In a prospective genomic sequencing and DST analysis of over 600 Victorian clinical TB isolates, 7 pncA variants were detected in 11 variants phenotypically resistant to PZA, none of which were present in our training dataset. Our model correctly classified five out of seven variants as resistant (71.4% accuracy). The remaining two mutations, G108V and Q10H, which were susceptible according to the DST results were predicted to confer resistance and consistent with other experimental findings24,25,28. Both variants, had a SNV frequency of <0.5, which is known to impact upon the reliability of the DST results. This highlights the potential clinical power of our model.

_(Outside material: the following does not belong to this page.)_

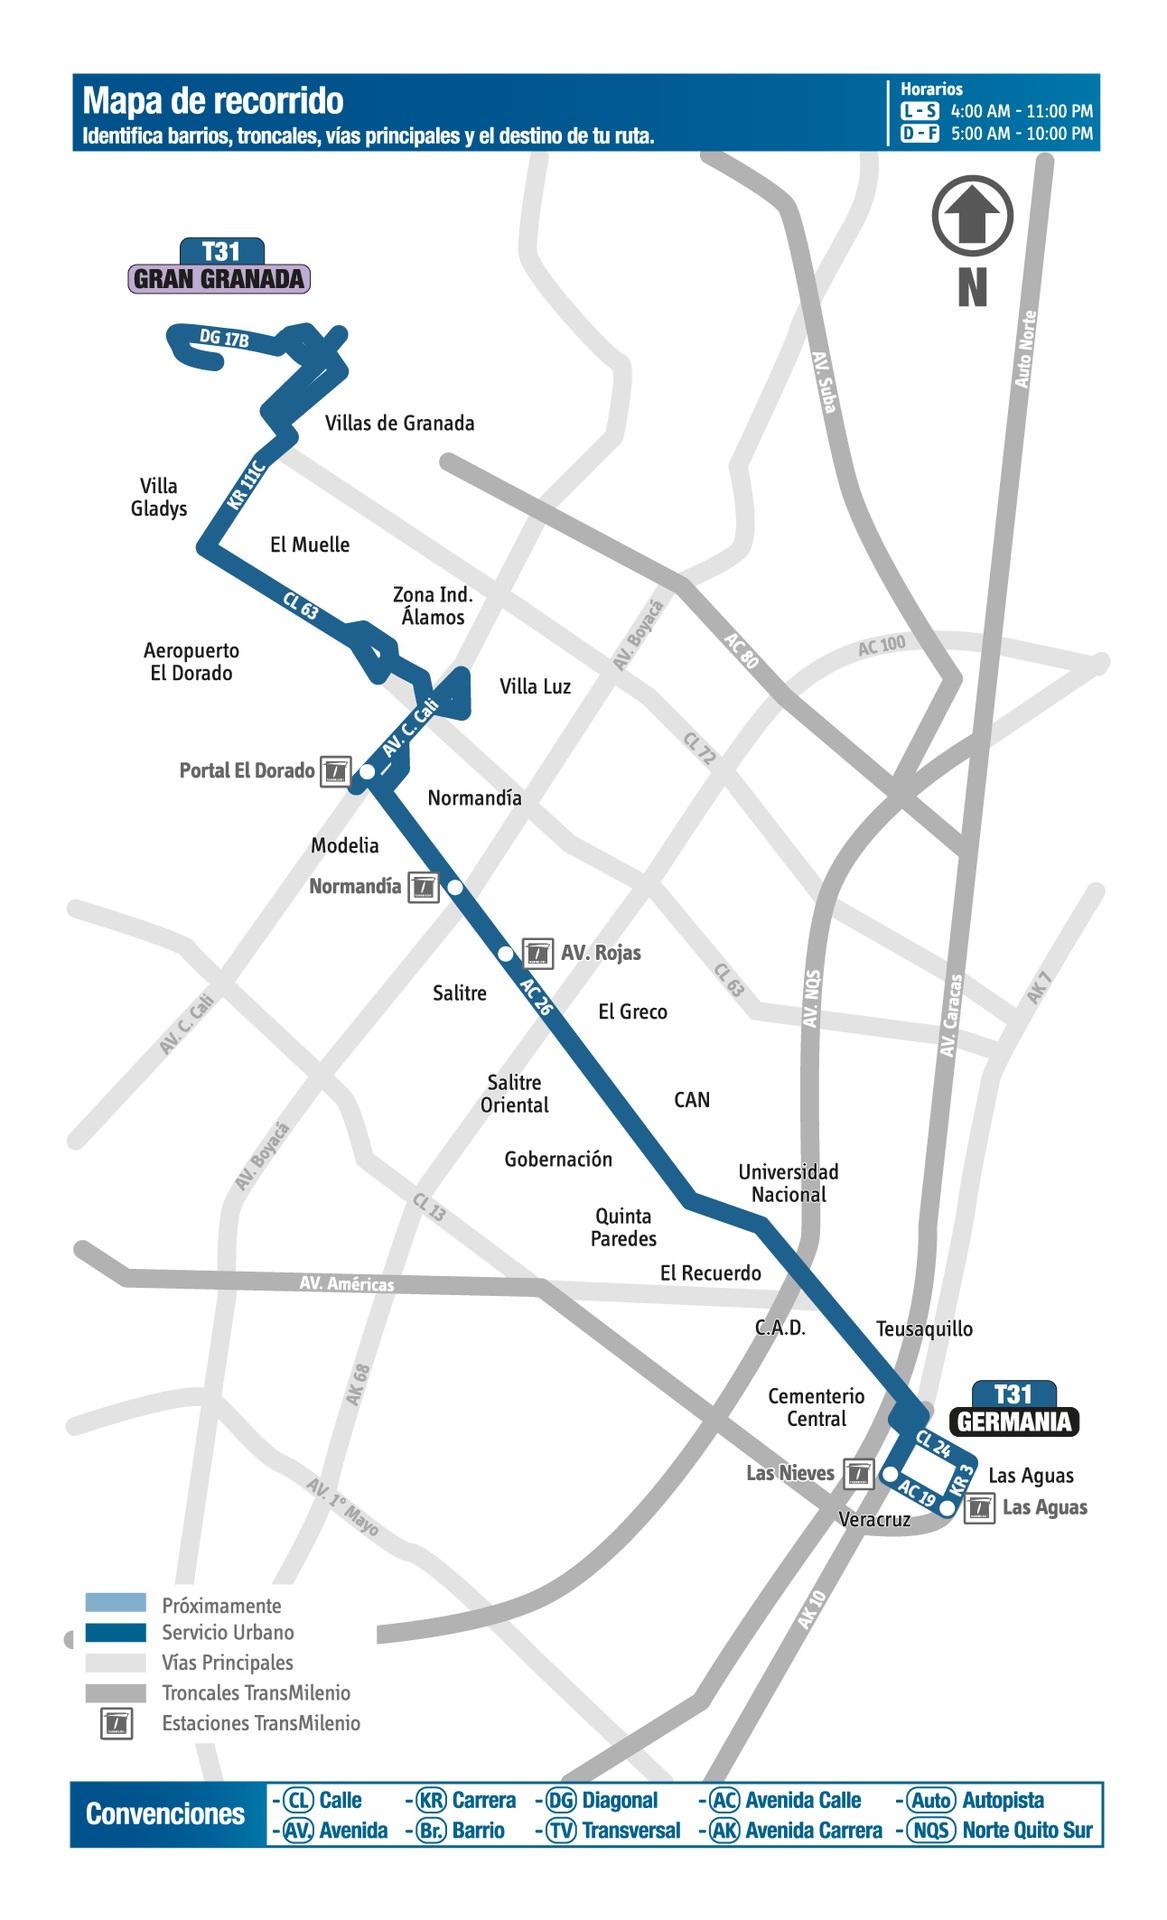 Ruta SITP: T31 - Gran Granada ↔ Germania [Urbana] 5

Expanding our analysis, four additional pncA mutations (S104R, V128G, Y95R and E15A) were identified in Victorian clinical TB isolates lacking DST results. Both S104R and V128G were predicted as resistant by our model, consistent with previously reported DST results24,25,26,27,28. The remaining two mutations, Y95R and E15A, have not been reported previously. Our model suggests both mutations to confer susceptibility to PZA.

SUSPECT-PZA webserver

We have developed a user-friendly, freely available web server SUSPECT-PZA (StrUctural Susceptibility PrEdiCTion on PZA), http://biosig.unimelb.edu.au/suspect_pza/, which is a database for all possible variants of PncA. There are two different input options (Fig. S2): the first one is the “Single Mutation” option which allows the users to input one mutation for analysis. The basic format required by the server for this input option is that the mutation must be specified as a text string containing the wild-type residue one-letter amino acid code, its corresponding position on the structure and the mutant one-letter amino acid code. The second option is the “Mutation List”, which allows the user to upload a list of mutations, in the same specified format as above but in a file for batch processing (Fig. S3). Sample submission entries are available to assist users to submit their mutations for analysis and an additional help page via the top navigation bar.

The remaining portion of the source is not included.